B) Make Your Lifestyle projections: Your financial situation will determine the overall structure of the life you will lead in retirement. Lifestyle issues will determine the quality: whether it is enjoyable and satisfying. Are you ready?
Where will you live? Many folks want to escape weather they don't like and use retirement as the motivation to move somewhere more to their liking. Or, their family lives somewhere else in the country and moving closer would make them happier.
Others like the roots they have established where they are, have family and friends nearby, and don't want to go anywhere. Moving to a retirement community on the other side of the country would never cross their mind.
Do you envision yourself in an "active adult" community, an age-restricted setup, an urban or rural environment, or selling everything and becoming a nomad in an RV?
What about the complications that arise when one or both spouses are with each other 24/7? Trust me, this is a a major adjustment for both partners. No matter how much Dr. Phil you have watched, how many books on relationship building you've checked out of the library, and how much you love your partner, being together all the time is tough without some planning.

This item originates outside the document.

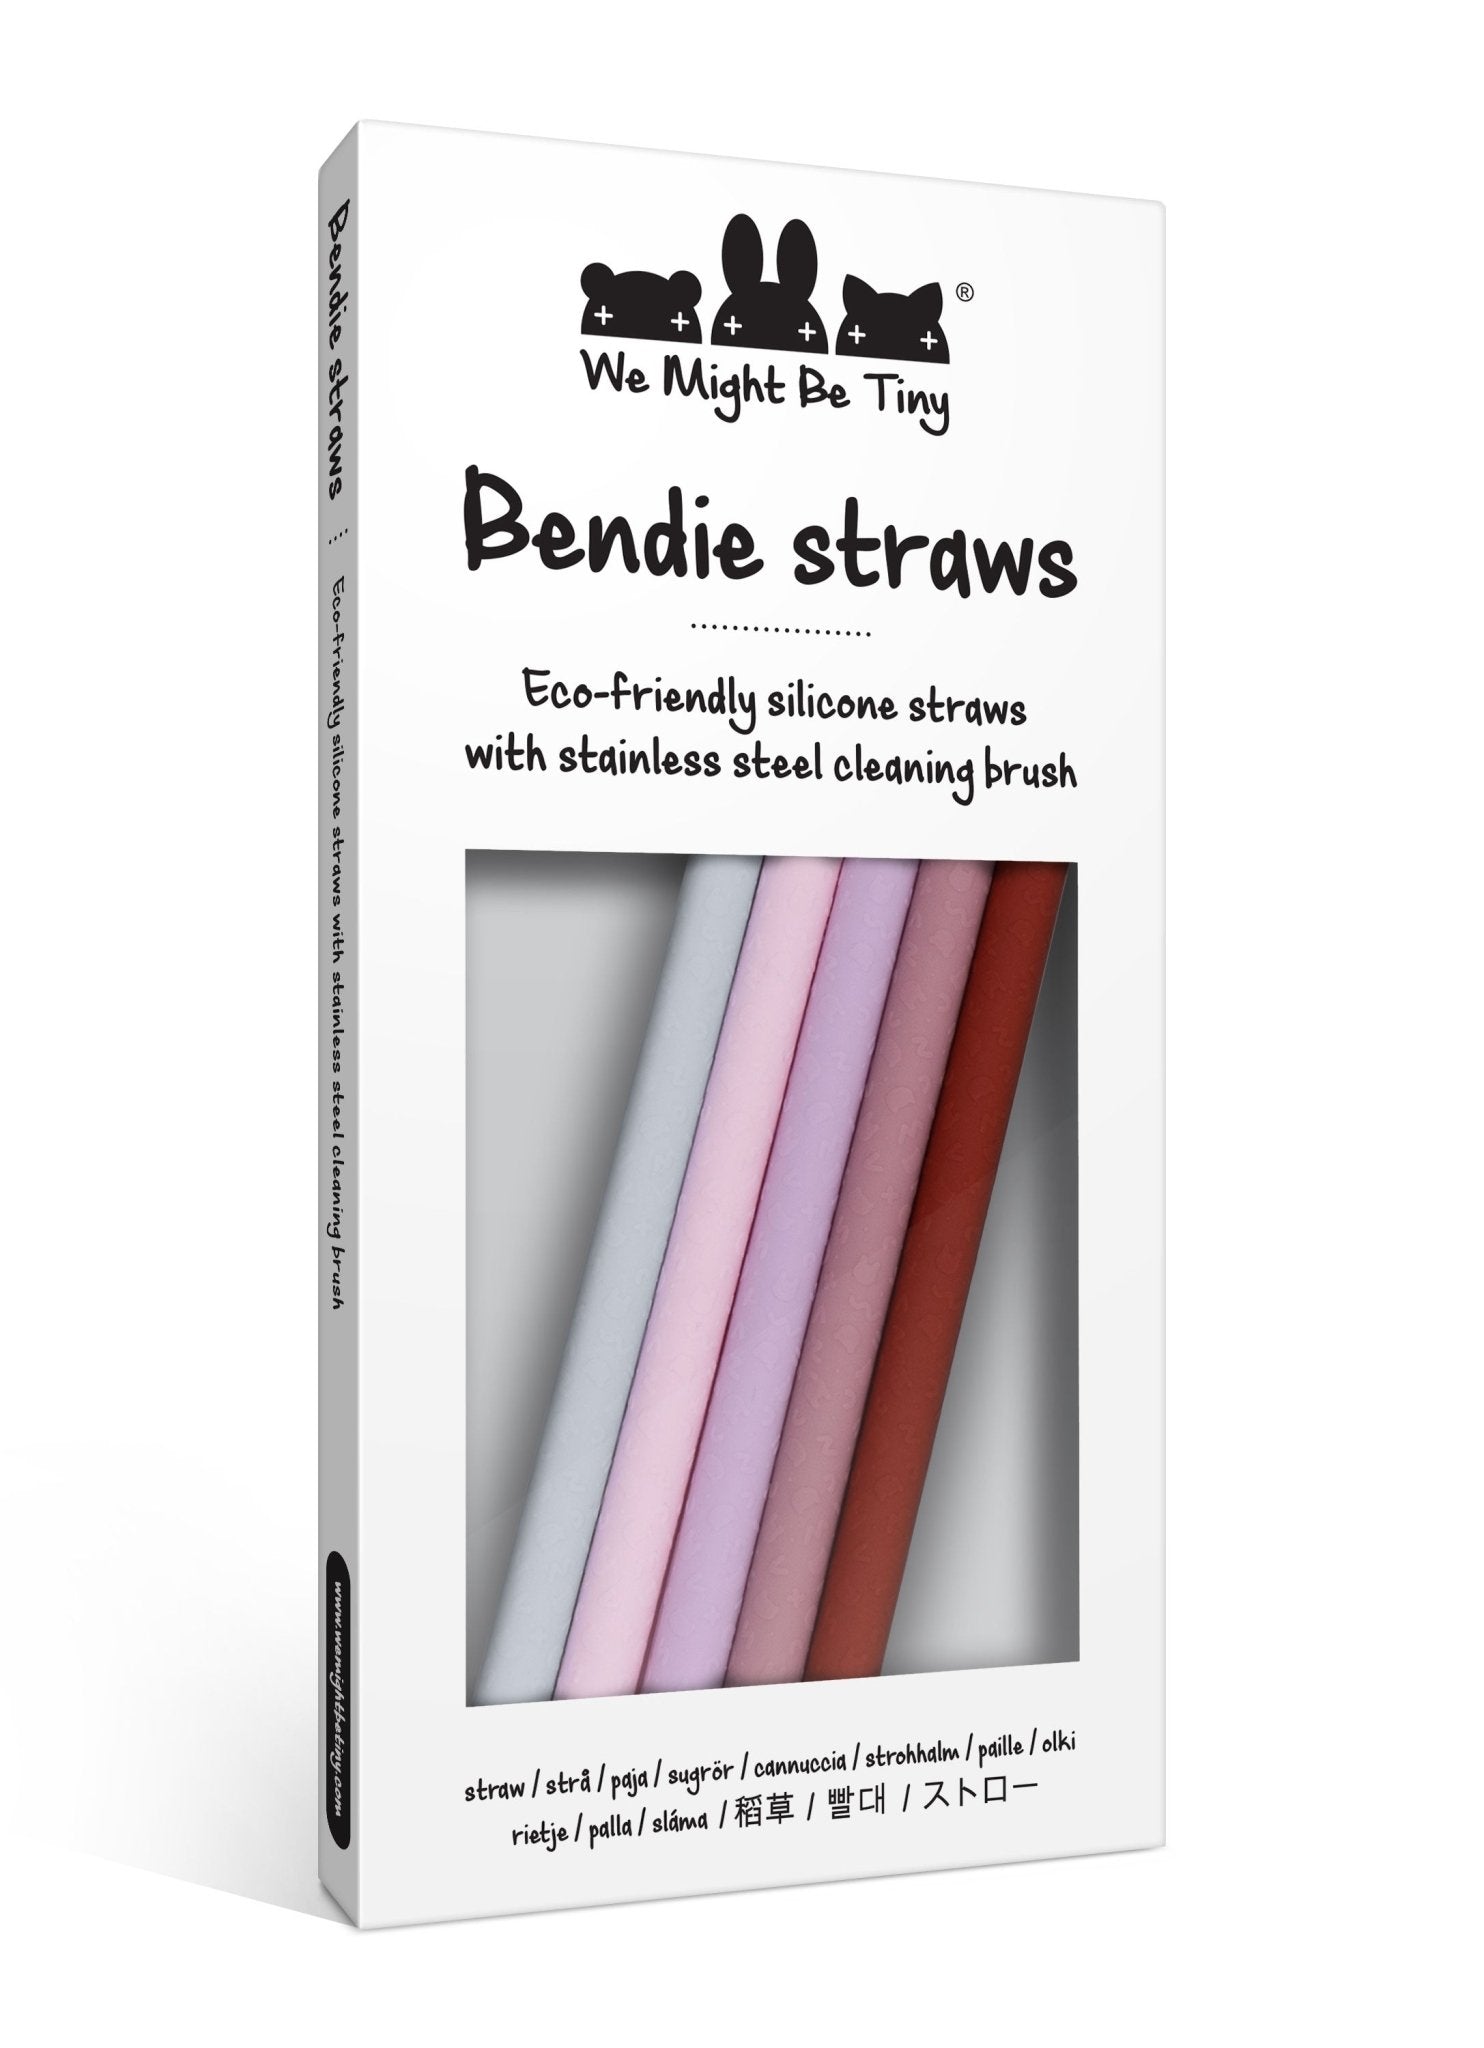 Packaged Silicone Bendie Straws in Earth & Blooms

Do you have something besides work that you love to do? If work is your vocation and avocation what will you do when you don't have that anymore? Do you have any interests, passions, or hobbies you'd love to explore? It is best to figure that out before you walk in the door of your house, retired, with no idea what to do next.
I've made the point many times in multiple posts that retirement is a huge adjustment for anyone. I don't care how well prepared you think you are, there are things you have not forseen that will happen. Such uncertainty shouldn't freeze you in place. Life is all about change. There is no way to cover all your bases ahead of time.
So, what to do? Plan, plan, plan. Then plan some more. Consider everything you know and things you know you don't know. Then, when the time is right for you, just do it. You will learn to adjust. You will struggle, grow, panic, and thrive. That is life whether you are retired or not.